Ticket #1113 (closed task: wontfix)
Using PIE by default on AMD64
|Reported by:||halfie||Owned by:|
http://fedoraproject.org/wiki/Hardened_Packages page mentions that "FESCo requires some packages to use PIE and relro hardening by default."
I am proposing that hardening flags (including PIE and RELRO) should be turned on by *default* for *all* packages on AMD64.
- https://wiki.ubuntu.com/Security/Features says "PIE on x86_64 does not have the same penalties, and will eventually be made the default, but more testing is required."
What about Fedora taking the lead on this one?
"Position-independent executables (PIE) are now used by default on alpha, amd64, hppa, landisk, loongson, sgi and sparc64."
I wish Fedora did the same on AMD64.
- Addressing concerns mentioned in https://fedorahosted.org/fesco/ticket/1104
"PIE disables use of prelink - so this is another performance impact on startup. On the other hand we should evaluate the impact of non-prelinked vs. prelinked startup time on modern computers, maybe it is no longer much relevant"
Please see http://people.redhat.com/~gmurphy/files/pie.odt for such an evaluation.

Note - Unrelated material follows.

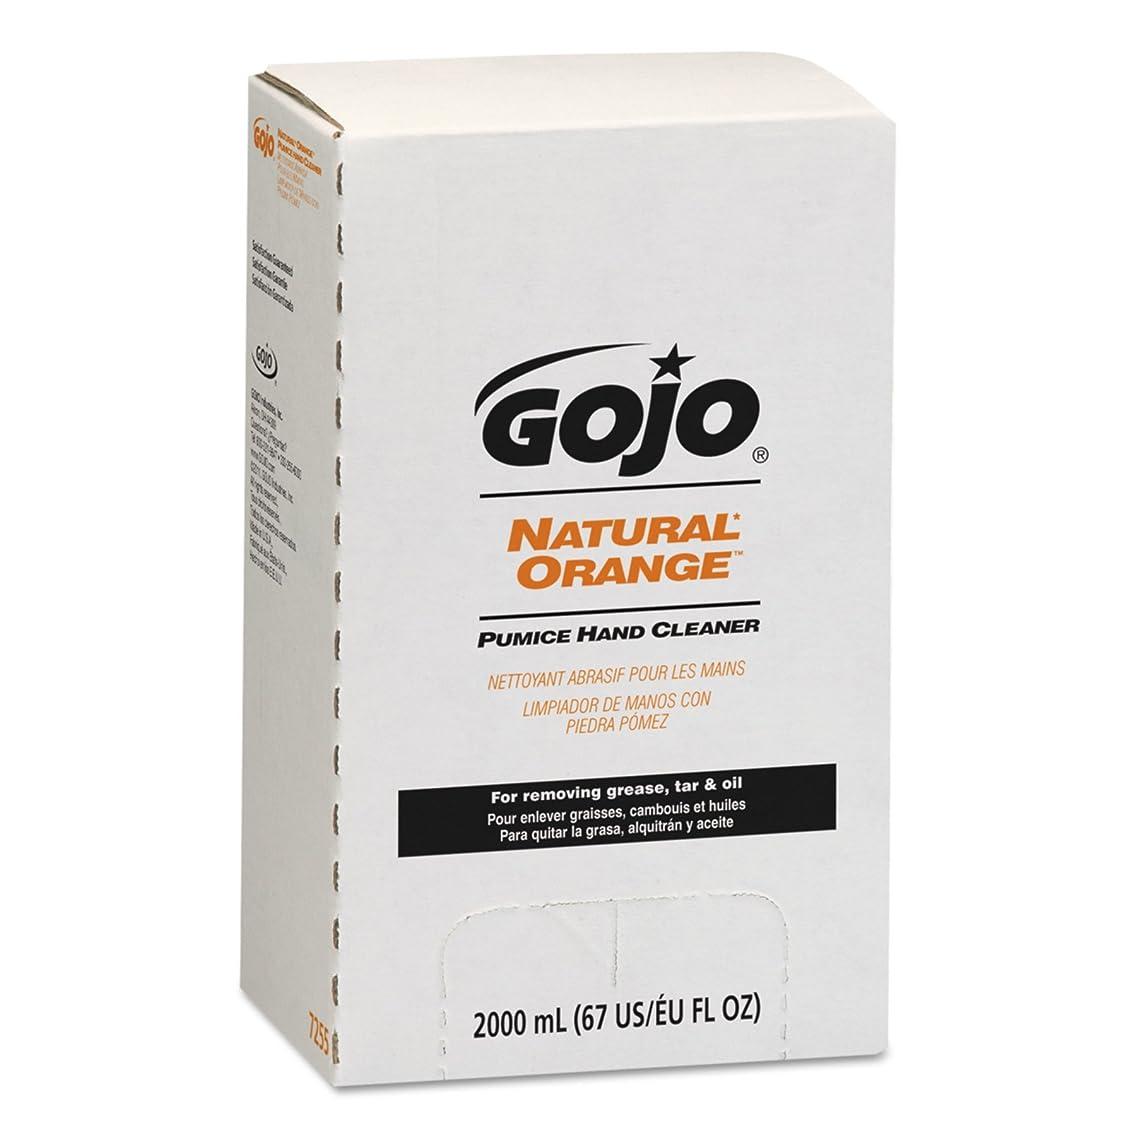 約調整可能秀でるNATURAL ORANGE Pumice Hand Cleaner Refill, Citrus Scent, 2000 mL, 4/Carton (並行輸入品)
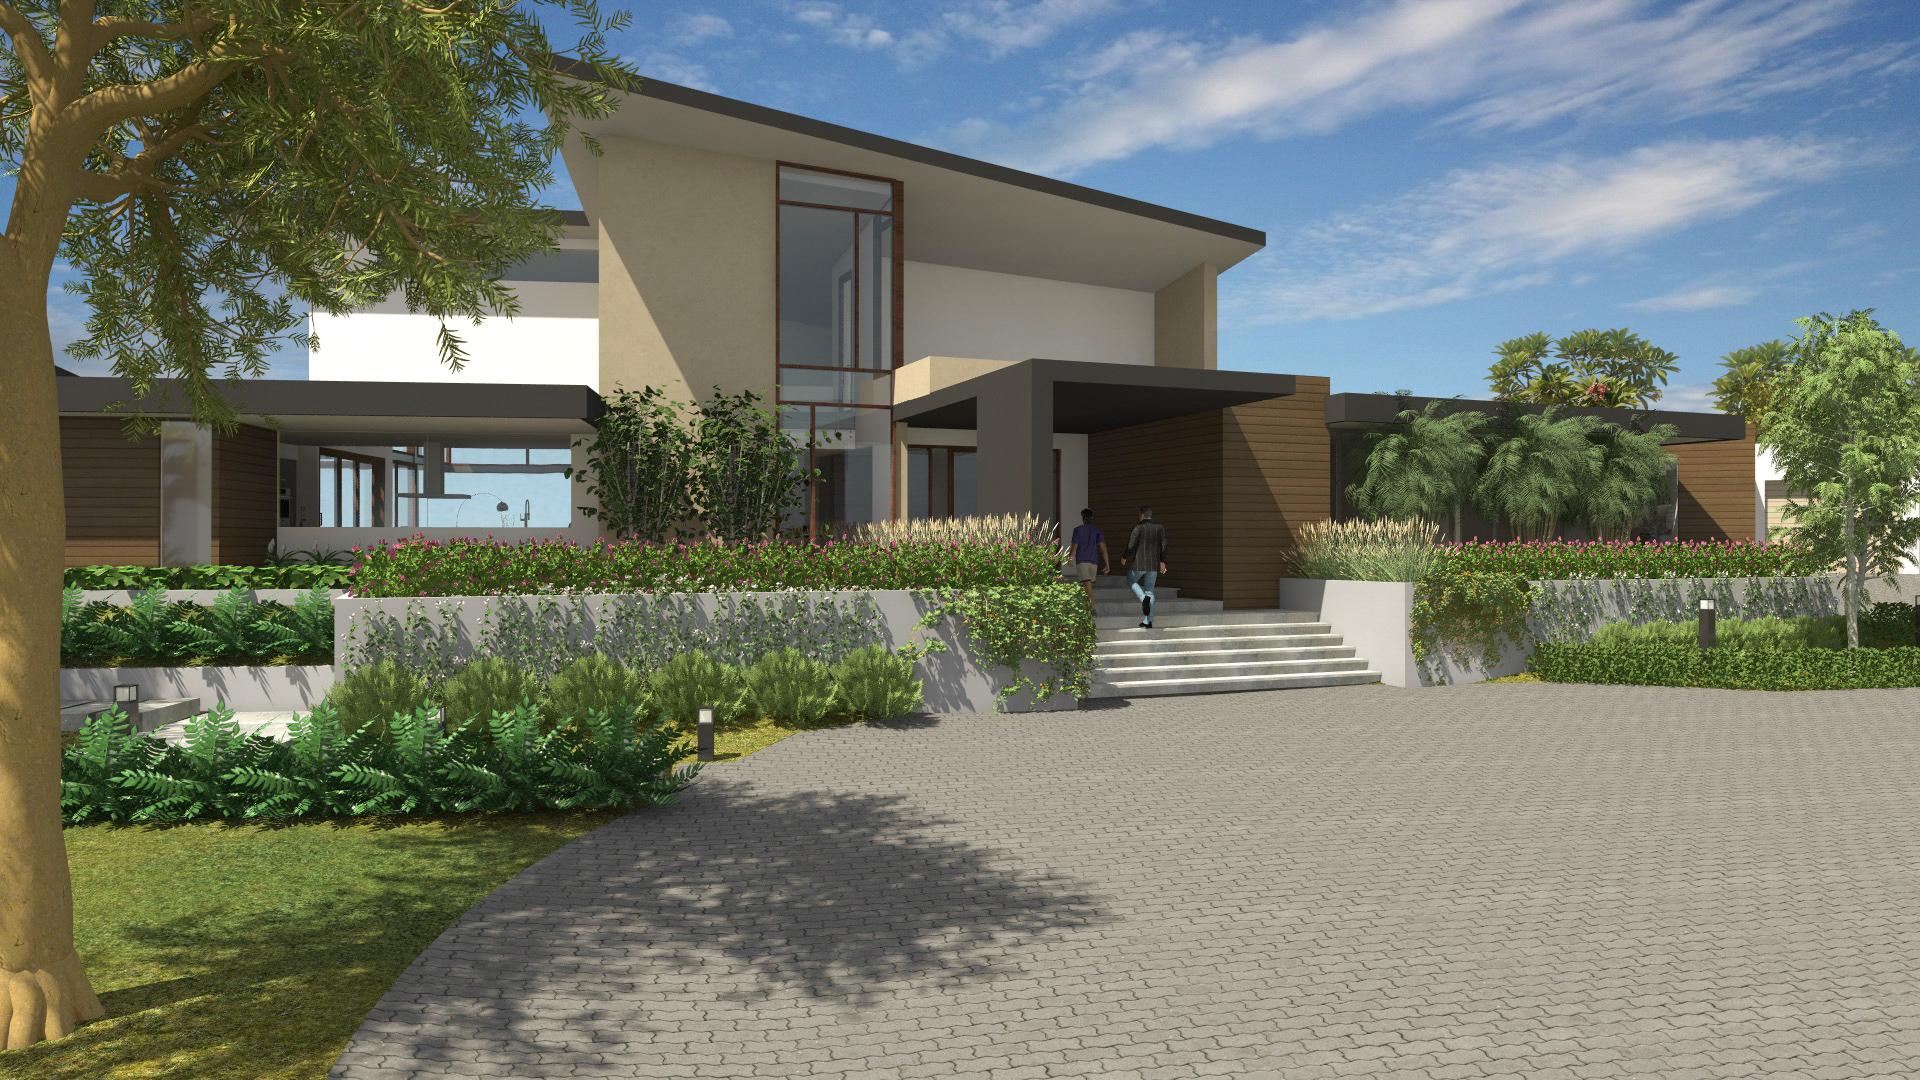 casa del toro - modern home renovation - sarco architects costa rica

In short. "... the average delay of a PIE application over a non-PIE application was significantly below perceivable threshold."
"I guess PIE has some impact on performance. Therefore I'd rather use PIE on limited list of packages. Databases might be a good addition into the current group."
ftp://ftp.inf.ethz.ch/doc/tech-reports/7xx/766.pdf mentions an average overhead of 3.6% on AMD64 (x64) which is not too bad (considering the benefits it provides).
I was able to independently verify some of the numbers present in this paper by using "unSPEC" (https://github.com/kholia/unSPEC).
FWIW, Ubuntu has been shipping PIE enabled Firefox for years now. https://bugs.launchpad.net/ubuntu/+source/xulrunner-1.9.1/+bug/507744 I repeated the benchmarks (mentioned in the above bug report) for Firefox 20.0 running on Fedora 18 64-bit.
I recommend running your own independent benchmarks to confirm this.
Similarly, there are no performance regressions (after enabling PIE) even in popular CPU intensive applications like Gimp and MongoDB.
Furthermore, large programs do the bulk of their computations in application-specific DSOs already. This applies to Firefox, among others. httpd is another example which already uses zlib and OpenSSL DSOs to do (CPU intensive) operations like compression and encryption.
- https://fedorahosted.org/fesco/ticket/1104#comment:14 https://fedorahosted.org/fesco/ticket/1104#comment:17 and https://fedorahosted.org/fesco/ticket/1104#comment:10
"I'm not sure that in the study above the non-PIE binaries were prelinked or not. Also it would be more interesting to see the result for bigger desktop applications like LibreOffice?, Firefox, Evolution."
http://en.wikipedia.org/wiki/Prelink mentions "Jakub Jelínek points out that position independent executables ignore prelinking on Red Hat Enterprise Linux and Fedora Core, and recommends that network and SUID programs be built PIE to facilitate a more secure environment."
In short, "... the average delay of a PIE application over a non-PIE application was significantly below perceivable threshold". Please note that "position independent executables ignore prelinking on Red Hat Enterprise Linux and Fedora Core", so the numbers presented in Grant's report should be good as they are."
I can do more benchmarks and analysis if required. What else do you think is needed from my side to move this ticket forward?